The Role of the Transmembrane RING Finger Proteins in Cellular and Organelle Function

Abstract

A large number of RING finger (RNF) proteins are present in eukaryotic cells and the majority of them are believed to act as E3 ubiquitin ligases. In humans, 49 RNF proteins are predicted to contain transmembrane domains, several of which are specifically localized to membrane compartments in the secretory and endocytic pathways, as well as to mitochondria and peroxisomes.
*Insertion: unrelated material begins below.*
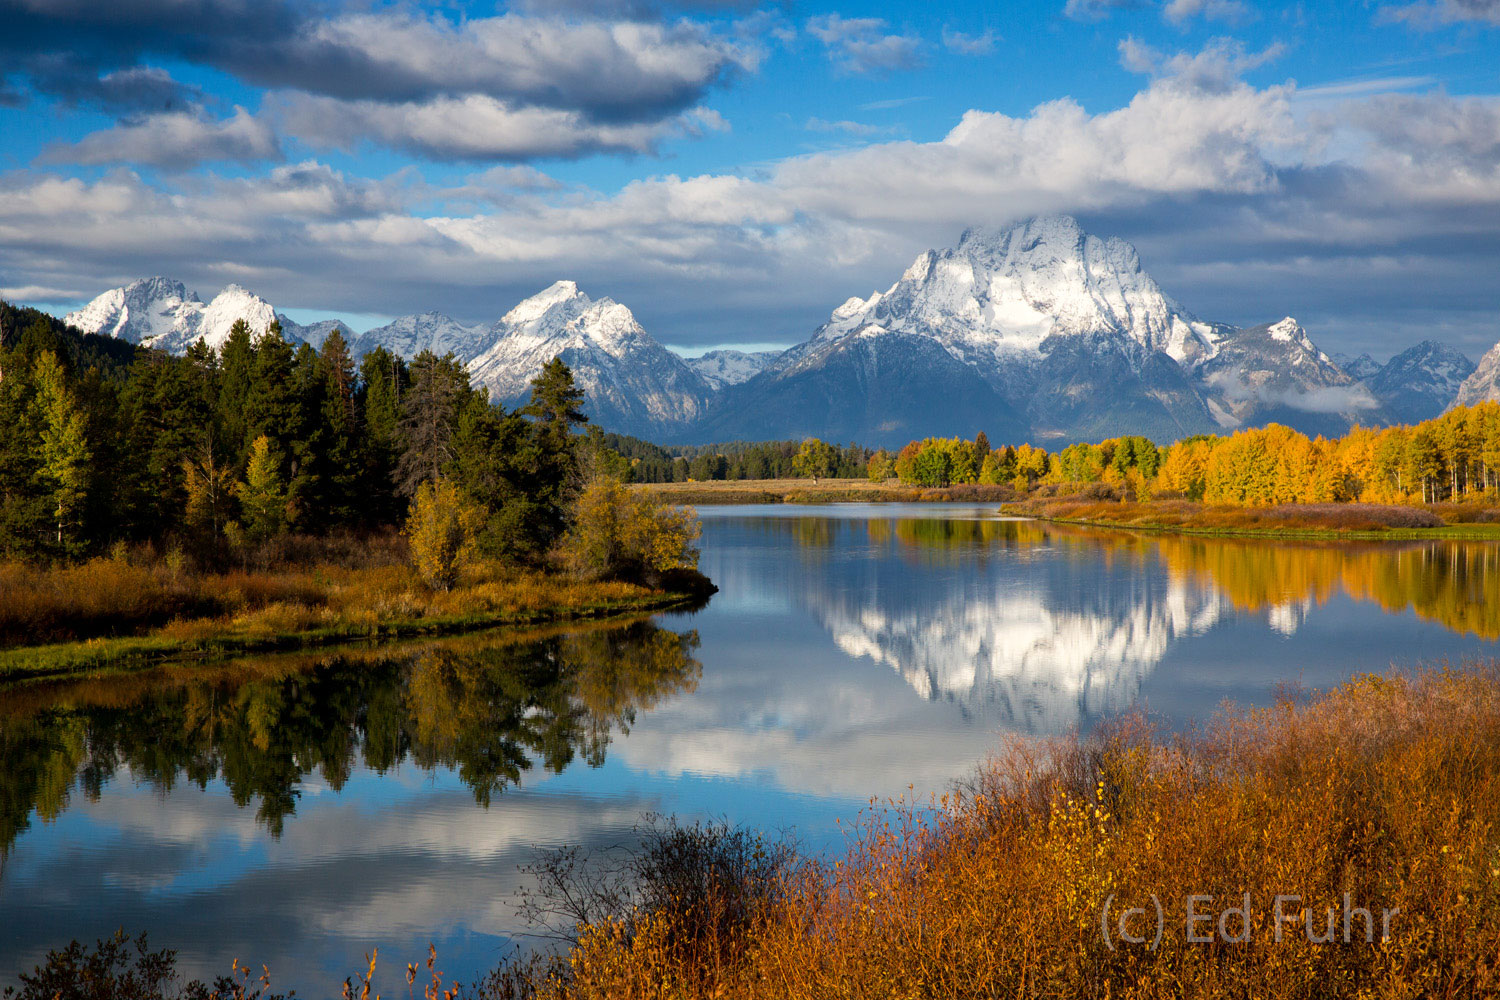 Fall colors have peaked just as a fresh snow has coated Mt. Moran.  The slow-moving waters of the Snake River at Oxbow Bend have...

They are thought to be molecular regulators of the organization and integrity of the functions and dynamic architecture of cellular membrane and membranous organelles. Emerging evidence has suggested that transmembrane RNF proteins control the stability, trafficking and activity of proteins that are involved in many aspects of cellular and physiological processes. This review summarizes the current knowledge of mammalian transmembrane RNF proteins, focusing on their roles and significance.

Figure 1

Schematic representations of the ubiquitination reaction and the RNF domain structures. (A) The biochemical steps in ubiquitination are illustrated. Ub is activated at its C-terminal glycine residue (Gly76) in an ATP-dependent manner by E1. In an ATP-hydrolyzing reaction, a Ub adenylate intermediate is formed, followed by the binding of Ub to a specific cysteine residue of E1. Ub is then transferred to an active site cysteine residue of E2, preserving the high energy thioester bond. The substrate is recognized by E3, which also recruits the E2–Ub complex. Finally, Ub is linked by its C-terminus in an isopeptide linkage to an ε-amino group of lysine residues on the substrate protein. (B) A simple comparison of the cross-brace arrangements of the RING-H2, RING-HC and RING-CH finger motifs. C and H indicate the conserved Zn²⁺-coordinating cysteine and histidine residues.

Figure 2

Phylogenetic analysis of putative human transmembrane RNF proteins. The tree was constructed by the neighbor-joining method with ClustalW [22] and MEGA4 [23] using 5,000 bootstrap resamplings. The scale bar indicates 0.2 amino acid substitutions per each amino acid position. Members of the TRIM, PA-TM-RING, MARCH and RBR families are indicated in green, red, blue and purple fonts, respectively.

Figure 3

Comparison of the domain structures of putative human transmembrane RNF proteins. Information on the domain structure of each RNF protein was obtained from the ENSEMBL (http://www.ensembl.org [28]) and NCBI (http://www.ncbi.nlm.nih.gov [29]) databases. Abbreviations: PA, protease-associated domain; TM, putative transmembrane domain; CUE, coupling of Ub conjugation to ER degradation; SAM, sterile alpha motif; DED, death effecter domain.

Figure 4

Schematic diagram of the organization of organelles and the intracellular transport pathways. The major membrane-bound organelles and the main routes of protein transport are indicated, with the secretory pathway in green, the endocytic degradation pathway in black, the recycling pathway in red and the retrograde pathway in blue.

Figure 5

Proposed roles of the transmembrane RNF proteins in mitochondrial dynamics and mitophagy. MARCH5 may regulate mitochondrial fusion and fission by ubiquitinating MFN1 and DRP1. MAPL SUMO ligase stabilizes DRP1 and therefore promotes mitochondrial fission. RNF185-mediated ubiquitination triggers mitophagy.